I never really measured the high pass filter. I should do a measurement on it to verify what is going on. I have measured the low pass as -24 dB/oct with corner at 100 Hz (-6dB point). I assumed the hpf was the compliment to that.

I'm only thinking a couple hundred bucks max for some DIY treatments.

Here is RT60 plot. I don't know how to interpret this figure. Maybe you can 'splain me? I only have measurement up to 2kHz because I'm using RS SPL meter.


----------



## bpape (Sep 14, 2006)

Something is still odd. If the xover point is 100Hz, then your response should be pretty much the same (less any overlap) up to around 90Hz with or without mains - which the response isn't showing. Also, I notice a decent pretty sharp dip right at 100Hz which could indicate a phase misalignment between the mains and the sub.

Bryan


----------



## vann_d (Apr 7, 2009)

Sounds like I'm going to need to verify with re-measurement. I could very well have messed something up in my bass management settings between the two measurements (sub only and sub+mains). 

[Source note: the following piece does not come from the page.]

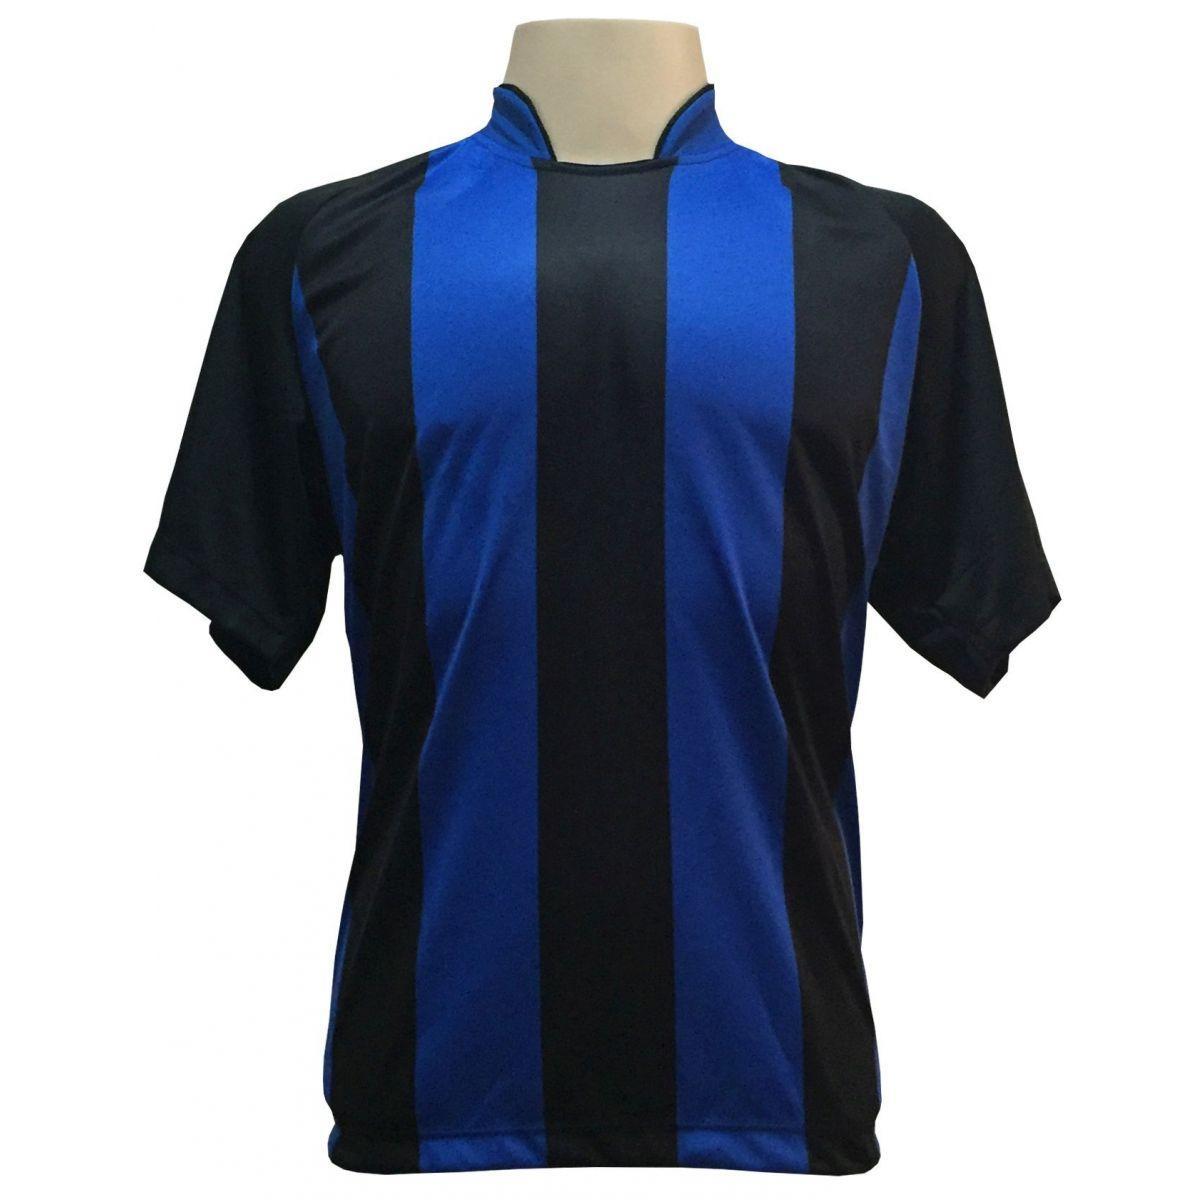 92cb288e92 Uniforme Esportivo com 18 camisas modelo Milan Preto Royal + 18 calções  modelo Madrid Royal + Brindes - Play fair R  709

Unfortunately, my sub amp is at my sister's house right now so I can't get new sub measurements. (B-day party last night)

I can take measurements of mains by themselves though. I'll try to get something new up today.


----------



## vann_d (Apr 7, 2009)

Ok, I took new measurements of the main front L/R speakers only with no subwoofer. One set with the mains set to large (full range) and sub set to none in the receiver. One set with the mains set to small and sub on but physically disconnected from the system.

Measurements are at the center listening position. Noise floor (ambient) was a bit high but I had to make due.

I think we can see why something looked funny in the previous charts. It kinda looks like the crossover for the main speakers is a very shallow slope. I would've expected -6 dB at 100Hz.

Anyway here is the frf overlay...


----------



## DanTheMan (Oct 12, 2009)

RT60 is just the amount of time it takes for a noise to decay by 60dB. Your time is too high for optimum clarity. Somewhere between 0.2 and 0.5 seconds is best for speech clarity. I tend to prefer things on the drier side for surround sound.

Dan


----------